* [YOUR TASK]
Would you output the entries below only from the line containing "Laced Driving Loafers, petrol" through the line containing "Orobanche nepetae - Flor", exactly as they stand and with both ends included?

(Stored items from a collection)
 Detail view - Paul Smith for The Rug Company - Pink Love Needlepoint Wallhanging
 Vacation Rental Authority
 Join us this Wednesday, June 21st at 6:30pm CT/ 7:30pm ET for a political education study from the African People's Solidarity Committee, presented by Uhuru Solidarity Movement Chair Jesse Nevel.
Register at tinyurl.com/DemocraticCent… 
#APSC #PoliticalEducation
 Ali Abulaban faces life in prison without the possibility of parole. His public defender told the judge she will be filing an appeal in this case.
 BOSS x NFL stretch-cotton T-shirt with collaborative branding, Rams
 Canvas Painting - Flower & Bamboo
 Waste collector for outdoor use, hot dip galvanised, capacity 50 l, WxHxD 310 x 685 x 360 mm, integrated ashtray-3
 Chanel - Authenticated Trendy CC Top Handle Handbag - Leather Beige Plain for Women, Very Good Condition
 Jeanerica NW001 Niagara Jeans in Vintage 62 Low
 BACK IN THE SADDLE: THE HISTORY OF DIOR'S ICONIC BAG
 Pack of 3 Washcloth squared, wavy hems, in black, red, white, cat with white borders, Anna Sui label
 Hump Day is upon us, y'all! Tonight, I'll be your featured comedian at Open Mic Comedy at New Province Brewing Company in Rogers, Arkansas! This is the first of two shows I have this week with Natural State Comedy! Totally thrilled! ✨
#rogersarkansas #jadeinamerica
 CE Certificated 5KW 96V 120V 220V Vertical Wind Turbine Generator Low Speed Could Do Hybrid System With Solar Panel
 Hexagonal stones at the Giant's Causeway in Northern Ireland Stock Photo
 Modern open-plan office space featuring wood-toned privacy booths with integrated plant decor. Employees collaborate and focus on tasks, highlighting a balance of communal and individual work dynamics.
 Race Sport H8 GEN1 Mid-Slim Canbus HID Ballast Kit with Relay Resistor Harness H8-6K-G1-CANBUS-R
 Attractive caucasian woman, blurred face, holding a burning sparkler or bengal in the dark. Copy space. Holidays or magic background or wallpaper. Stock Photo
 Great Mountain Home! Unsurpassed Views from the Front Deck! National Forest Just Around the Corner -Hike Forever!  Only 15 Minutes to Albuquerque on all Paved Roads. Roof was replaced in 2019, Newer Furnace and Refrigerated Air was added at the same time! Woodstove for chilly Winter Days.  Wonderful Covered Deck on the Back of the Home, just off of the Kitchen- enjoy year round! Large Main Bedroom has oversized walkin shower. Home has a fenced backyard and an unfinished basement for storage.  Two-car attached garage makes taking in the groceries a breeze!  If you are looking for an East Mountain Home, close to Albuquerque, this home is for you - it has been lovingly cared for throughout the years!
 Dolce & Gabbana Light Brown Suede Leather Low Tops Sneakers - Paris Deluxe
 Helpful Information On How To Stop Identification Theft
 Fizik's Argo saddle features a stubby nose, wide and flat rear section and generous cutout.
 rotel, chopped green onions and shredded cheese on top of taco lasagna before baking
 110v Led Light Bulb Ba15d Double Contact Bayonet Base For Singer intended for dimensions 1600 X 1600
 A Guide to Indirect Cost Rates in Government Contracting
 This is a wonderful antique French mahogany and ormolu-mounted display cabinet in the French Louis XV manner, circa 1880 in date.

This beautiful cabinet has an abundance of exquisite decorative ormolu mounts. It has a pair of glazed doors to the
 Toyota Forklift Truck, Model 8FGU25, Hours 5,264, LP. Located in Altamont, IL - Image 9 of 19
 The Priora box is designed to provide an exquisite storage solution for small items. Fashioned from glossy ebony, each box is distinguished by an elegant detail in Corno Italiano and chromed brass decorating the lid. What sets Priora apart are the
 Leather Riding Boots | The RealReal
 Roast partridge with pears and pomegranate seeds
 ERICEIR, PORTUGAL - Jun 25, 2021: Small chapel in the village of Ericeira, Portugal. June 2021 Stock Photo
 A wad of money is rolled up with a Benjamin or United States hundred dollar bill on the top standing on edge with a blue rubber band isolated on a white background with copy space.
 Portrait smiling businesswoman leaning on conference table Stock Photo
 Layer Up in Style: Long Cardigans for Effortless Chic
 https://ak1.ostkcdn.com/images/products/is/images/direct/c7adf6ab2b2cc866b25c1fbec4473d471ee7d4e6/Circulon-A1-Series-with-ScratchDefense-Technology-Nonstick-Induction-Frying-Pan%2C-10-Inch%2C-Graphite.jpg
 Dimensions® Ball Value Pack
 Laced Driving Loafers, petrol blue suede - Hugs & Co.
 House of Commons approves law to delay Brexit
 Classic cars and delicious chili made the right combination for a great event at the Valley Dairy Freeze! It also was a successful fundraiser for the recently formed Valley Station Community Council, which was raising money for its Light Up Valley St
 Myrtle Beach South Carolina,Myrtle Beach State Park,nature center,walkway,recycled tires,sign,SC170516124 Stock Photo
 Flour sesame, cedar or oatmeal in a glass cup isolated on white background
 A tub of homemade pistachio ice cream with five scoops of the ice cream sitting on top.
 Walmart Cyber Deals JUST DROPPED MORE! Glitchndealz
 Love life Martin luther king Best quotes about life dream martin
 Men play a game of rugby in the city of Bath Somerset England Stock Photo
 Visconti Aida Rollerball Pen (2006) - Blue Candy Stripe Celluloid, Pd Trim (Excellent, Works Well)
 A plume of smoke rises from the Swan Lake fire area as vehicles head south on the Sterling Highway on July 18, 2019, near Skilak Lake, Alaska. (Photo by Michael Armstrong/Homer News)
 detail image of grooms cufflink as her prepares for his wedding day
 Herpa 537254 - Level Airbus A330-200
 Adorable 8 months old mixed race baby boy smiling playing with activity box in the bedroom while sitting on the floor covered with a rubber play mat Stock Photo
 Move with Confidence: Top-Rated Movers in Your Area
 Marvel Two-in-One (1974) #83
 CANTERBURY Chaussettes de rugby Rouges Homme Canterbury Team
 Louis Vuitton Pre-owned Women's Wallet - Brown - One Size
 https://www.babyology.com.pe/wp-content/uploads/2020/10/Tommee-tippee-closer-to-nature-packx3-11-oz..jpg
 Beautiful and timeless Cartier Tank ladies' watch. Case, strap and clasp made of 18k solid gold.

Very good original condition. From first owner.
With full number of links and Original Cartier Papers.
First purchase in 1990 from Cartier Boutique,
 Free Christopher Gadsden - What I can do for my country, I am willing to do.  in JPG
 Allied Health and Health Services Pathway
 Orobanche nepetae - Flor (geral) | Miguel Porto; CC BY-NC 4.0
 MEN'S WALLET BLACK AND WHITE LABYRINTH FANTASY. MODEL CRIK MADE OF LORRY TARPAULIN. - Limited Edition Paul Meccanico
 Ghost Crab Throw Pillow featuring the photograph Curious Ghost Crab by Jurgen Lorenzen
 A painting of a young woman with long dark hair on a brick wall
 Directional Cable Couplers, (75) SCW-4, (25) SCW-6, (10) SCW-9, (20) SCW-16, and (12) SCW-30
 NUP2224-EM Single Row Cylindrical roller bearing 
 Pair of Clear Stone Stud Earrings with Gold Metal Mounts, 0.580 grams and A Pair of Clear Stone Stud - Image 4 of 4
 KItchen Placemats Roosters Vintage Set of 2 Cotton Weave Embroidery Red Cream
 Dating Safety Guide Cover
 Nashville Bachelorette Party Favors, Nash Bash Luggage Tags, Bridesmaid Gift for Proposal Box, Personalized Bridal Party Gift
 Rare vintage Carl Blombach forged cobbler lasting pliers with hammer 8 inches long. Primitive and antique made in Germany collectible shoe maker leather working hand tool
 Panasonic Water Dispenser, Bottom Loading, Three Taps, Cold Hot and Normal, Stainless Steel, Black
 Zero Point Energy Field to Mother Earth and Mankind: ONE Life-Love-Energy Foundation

* [YOUR RESPONSE]
 Laced Driving Loafers, petrol blue suede - Hugs & Co.
 House of Commons approves law to delay Brexit
 Classic cars and delicious chili made the right combination for a great event at the Valley Dairy Freeze! It also was a successful fundraiser for the recently formed Valley Station Community Council, which was raising money for its Light Up Valley St
 Myrtle Beach South Carolina,Myrtle Beach State Park,nature center,walkway,recycled tires,sign,SC170516124 Stock Photo
 Flour sesame, cedar or oatmeal in a glass cup isolated on white background
 A tub of homemade pistachio ice cream with five scoops of the ice cream sitting on top.
 Walmart Cyber Deals JUST DROPPED MORE! Glitchndealz
 Love life Martin luther king Best quotes about life dream martin
 Men play a game of rugby in the city of Bath Somerset England Stock Photo
 Visconti Aida Rollerball Pen (2006) - Blue Candy Stripe Celluloid, Pd Trim (Excellent, Works Well)
 A plume of smoke rises from the Swan Lake fire area as vehicles head south on the Sterling Highway on July 18, 2019, near Skilak Lake, Alaska. (Photo by Michael Armstrong/Homer News)
 detail image of grooms cufflink as her prepares for his wedding day
 Herpa 537254 - Level Airbus A330-200
 Adorable 8 months old mixed race baby boy smiling playing with activity box in the bedroom while sitting on the floor covered with a rubber play mat Stock Photo
 Move with Confidence: Top-Rated Movers in Your Area
 Marvel Two-in-One (1974) #83
 CANTERBURY Chaussettes de rugby Rouges Homme Canterbury Team
 Louis Vuitton Pre-owned Women's Wallet - Brown - One Size
 https://www.babyology.com.pe/wp-content/uploads/2020/10/Tommee-tippee-closer-to-nature-packx3-11-oz..jpg
 Beautiful and timeless Cartier Tank ladies' watch. Case, strap and clasp made of 18k solid gold.

Very good original condition. From first owner.
With full number of links and Original Cartier Papers.
First purchase in 1990 from Cartier Boutique,
 Free Christopher Gadsden - What I can do for my country, I am willing to do.  in JPG
 Allied Health and Health Services Pathway
 Orobanche nepetae - Flor (geral) | Miguel Porto; CC BY-NC 4.0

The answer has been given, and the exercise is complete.